The community of Central Huron entered the site selection process by formally expressing interest in learning about the project in 2012. In light of the findings of completed studies, the area is no longer a focus of study in the site selection process.


    The community of Central Huron initiated its involvement in the site selection process by formally expressing interest in learning about the project in 2012. This expression of interest triggered studies to explore the potential suitability of its geology while the community learned more about the project and reflected on its interest in it.

    In 2017, after several years of progressively more detailed study and engagement, we concluded that Central Huron will not be considered a potential host for the project. The community is continuing to play a role, however, as activities continue in the nearby community of South Bruce. 

    Information detailing work we completed in the Central Huron area through steps one to three of the site selection process is available below.

    Step 1: NWMO Initiates the Process

    The NWMO formally initiated the site selection process in May 2010.

    The process began with a broad program to provide information, answer questions and build awareness about the project. Awareness-building activities are designed to continue throughout the site selection process.

    In Step 1, we provided general information to those who requested it. We began assessment activities in Step 2: Initial Screening only after individual communities formally expressed an interest in learning more.

    Step 2: Initial Screening

    In September 2012, Central Huron's Mayor and Council passed a resolution requesting an initial screening of the community's potential suitability to host the project. This screening took us about three months to complete and involved a review based on readily available information about the geology of the community and vicinity.

    We encouraged communities that passed the initial screening to begin learning more about the project. We provided an initial briefing and invited representatives to take a tour of an interim storage facility for used nuclear fuel. We also encouraged communities to meet with the Canadian Nuclear Safety Commission to learn about the regulatory framework that will govern the project.

    Central Huron's initial screening was completed in February 2013. It did not identify any obvious conditions that would exclude the Central Huron area from further consideration in the site selection process.


    Step 3: Phase 1 - Desktop Studies and Engagement

    In July 2014, Central Huron's Mayor and Council passed a resolution asking the NWMO to initiate a Preliminary Assessment of the community‘s potential suitability to host the project.

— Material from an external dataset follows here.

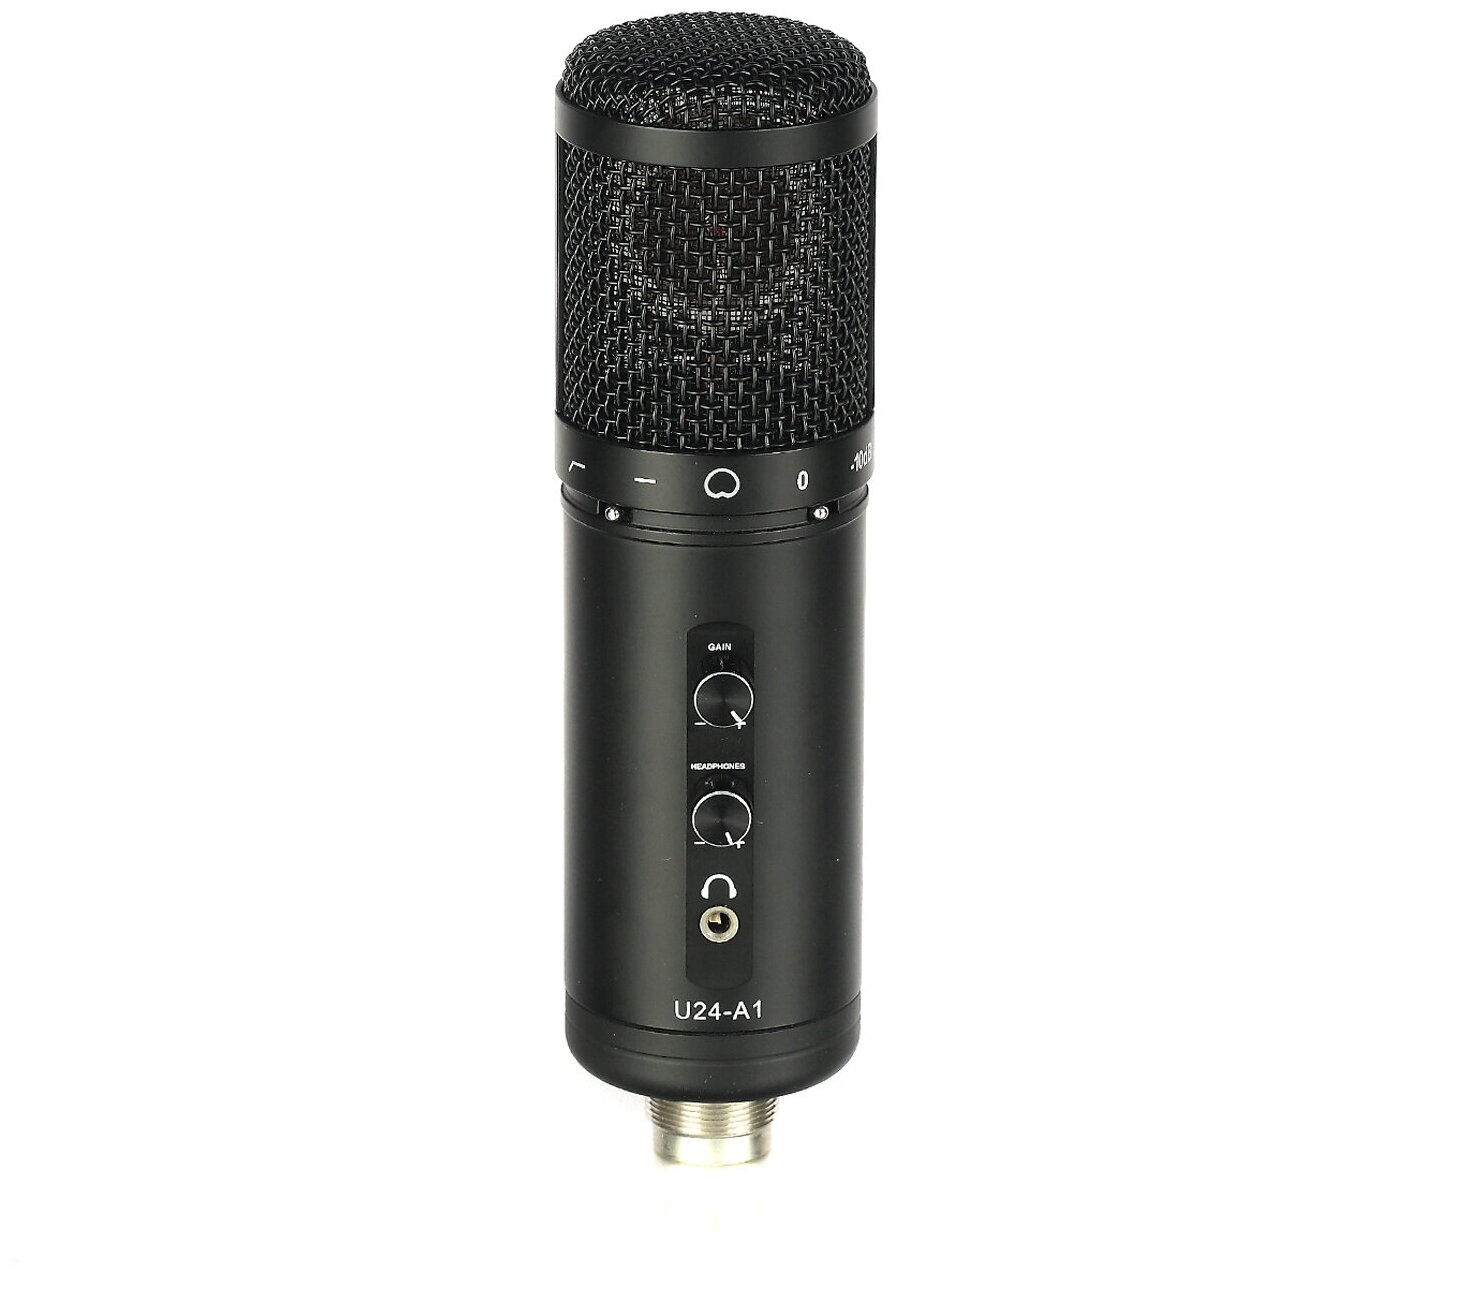 USB-микрофон Mice U24-A1 с мониторингом, цвет черный

    In October 2015, we completed the first phase of Preliminary Assessment (Step 3: Phase 1) of the site selection process in collaboration with Central Huron.

    This phase involved:

    • Desktop studies that explore the potential to find a site that can safely and securely contain and isolate used nuclear fuel; and
    • Community learning and dialogue activities to build understanding about the project and to explore its potential to align with the community's long-term vision.

    Based on studies to date, Central Huron is assessed as having potential to meet strict safety and geotechnical requirements, and for the project to align with its long-term vision. The studies also identified a number of uncertainties to be further explored through more detailed study.


    Step 3: Phase 2 - Field Studies and Engagement

    In 2015, the NWMO began working with communities in this area to plan field studies and engagement as part of Preliminary Assessment (Step 3: Phase 2). Through fieldwork, more detailed studies and broadened engagement, Phase 2 assessments expanded upon work completed in Phase 1.

    The focus of early geoscientific studies in Central Huron was to determine if the rock in the area has the potential to satisfy our safety requirements for a deep geological repository for the long-term management of Canada’s used nuclear fuel.

    Geoscientific studies conducted previously have involved desktop studies, which make use of publicly available information about the geology of the area. A next step in the process involves drilling one initial borehole in the area to further understand the general geology.

    In 2017, it was determined this next phase of study for the area will instead focus on Huron-Kinloss and South Bruce. As a neighbour in the area, Central Huron will continue to play a role.